En conclusión, podemos decir que el Manual de ministros de Jacinto de la Serna es un estudio que marcó una forma importante de explicar la idolatría de los indios del centro de México en el siglo XVII, que incluye una revisión de grandes teólogos y filósofos, sobre todo de la antigüedad clásica y de la Edad Media, pero que también incluye un referente empírico que se construyó con lo que el propio autor recogió en su andar como beneficiado de un pueblo de indios, lo que le dio acceso a conocimiento directo sobre el campo, así como el intercambio de información con contemporáneos suyos que también tuvieron a su cargo la catequesis de los indios o la administración del culto.

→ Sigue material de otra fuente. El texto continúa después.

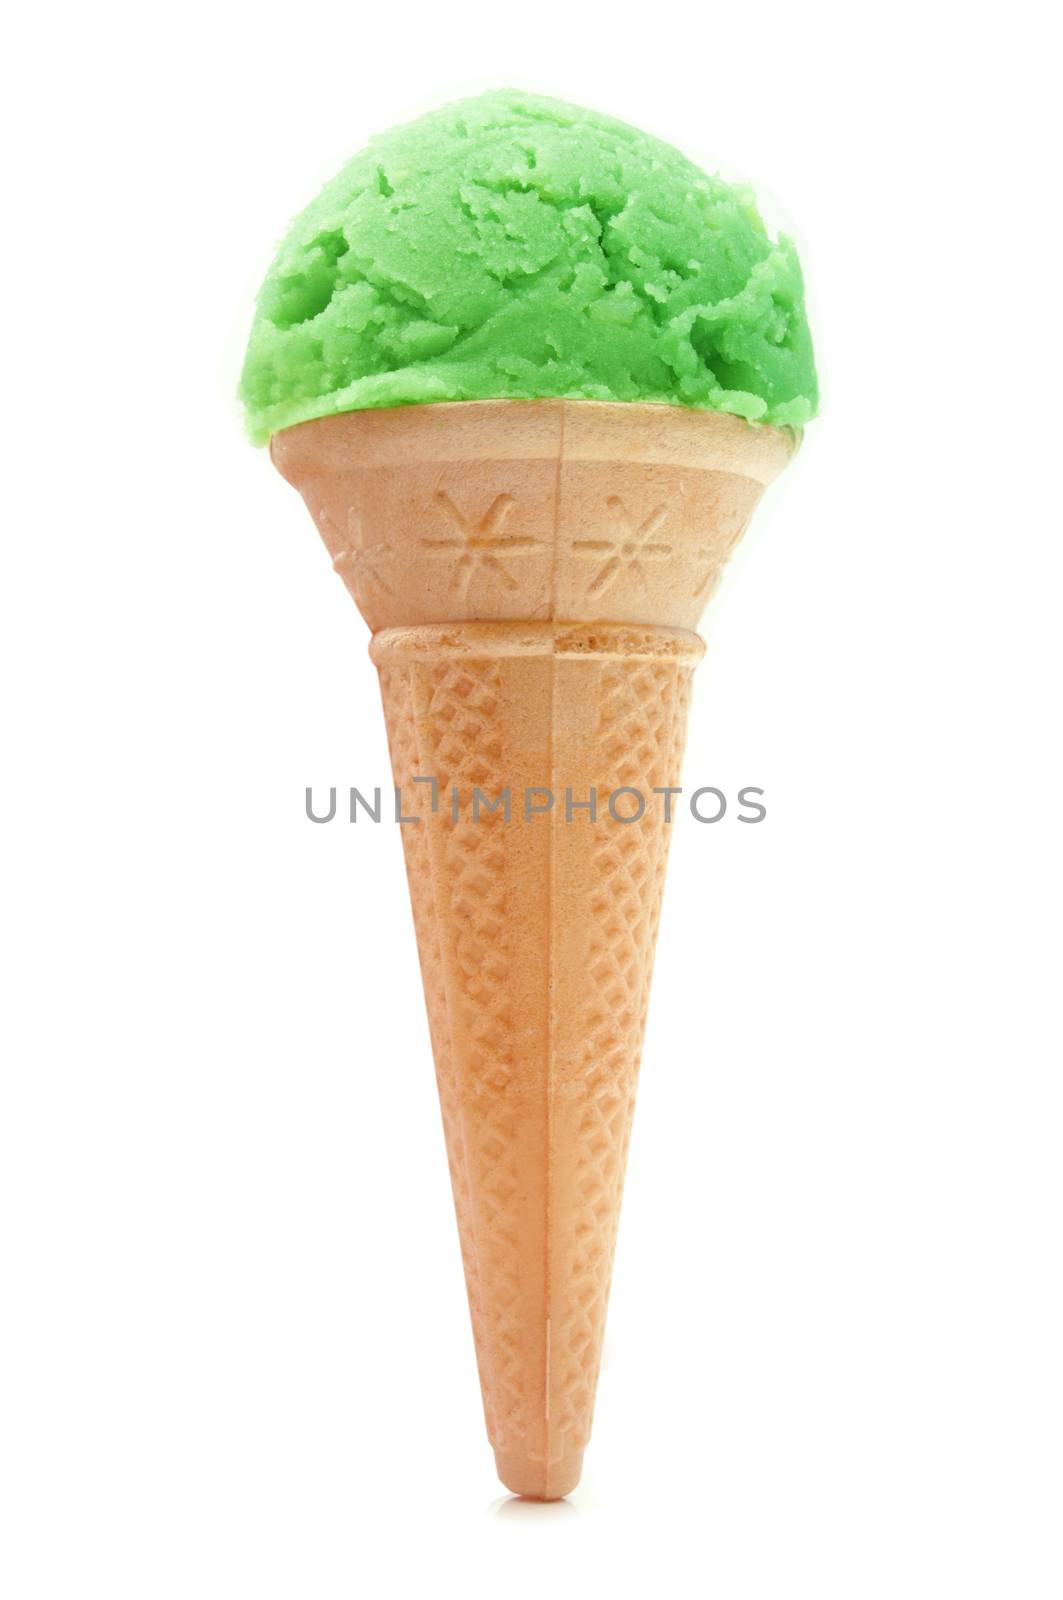 Ice cream cone by unikpix
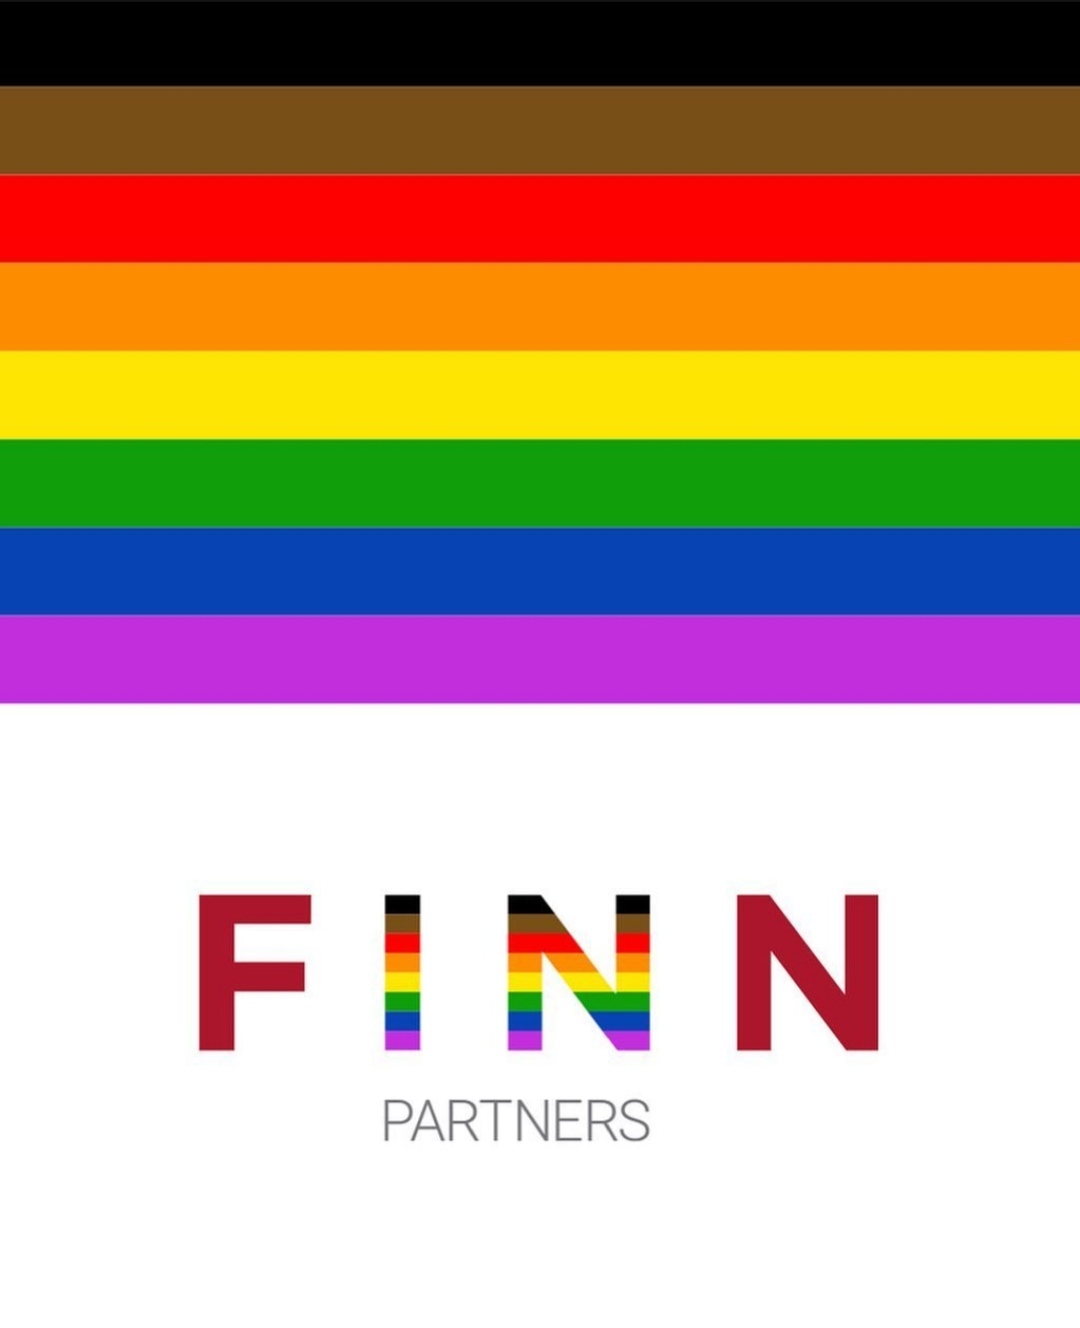 Finn Partners-Logo mit einer Regenbogenfahne.

Encontramos definiciones explícitas de idolatría en el texto de Jacinto de la Serna que la definen como un culto inadecuado, que estaba dirigido a Dios pero que incluía elementos religiosos que tenían un origen prehispánico, aunque con una resignificación en un contexto colonial. Debemos ver en la definición de idolatría una categoría cristiana que reconoce al otro, al tiempo que reconoce su diversidad religiosa, pero la considera peligrosa ante el descontento que puede generar en Dios una forma de rendirle culto que no es la institucional. Esto se conecta con la relación entre idolatría y rebeldía, porque la variedad de cultos podía derivar en la ruptura del pacto entre Dios y cristianos.
En el contexto en el que se escribió el Manual de ministros hay una reconfiguración del pensamiento novohispano y encontramos a otros autores que ven en el pasado indígena la grandeza de la historia novohispana, como sucedía con Carlos de Sigüenza y Góngora, mientras que prolifera una literatura religiosa que tiene como objetivo remarcar la idolatría de los indios y la casi imposibilidad de su erradicación.
El Manual de ministros es un documento que brindaba elementos a los religiosos para poder identificar a los dogmatistas, al mismo tiempo que exponía los elementos para dilucidar los caminos a seguir en los casos de encontrar idolatría, ya fuera para utilizar remedios o bien, en casos más graves, para la impartición de la justicia eclesiástica. Es el Manual de ministros un texto muy completo en la conceptualización de la idolatría, porque incluye tanto la acepción teológica como la dimensión jurídica de la idolatría, al tiempo que también incluye un rico material etnográfico en el que las descripciones de las religiosidades indígenas son ampliamente descritas.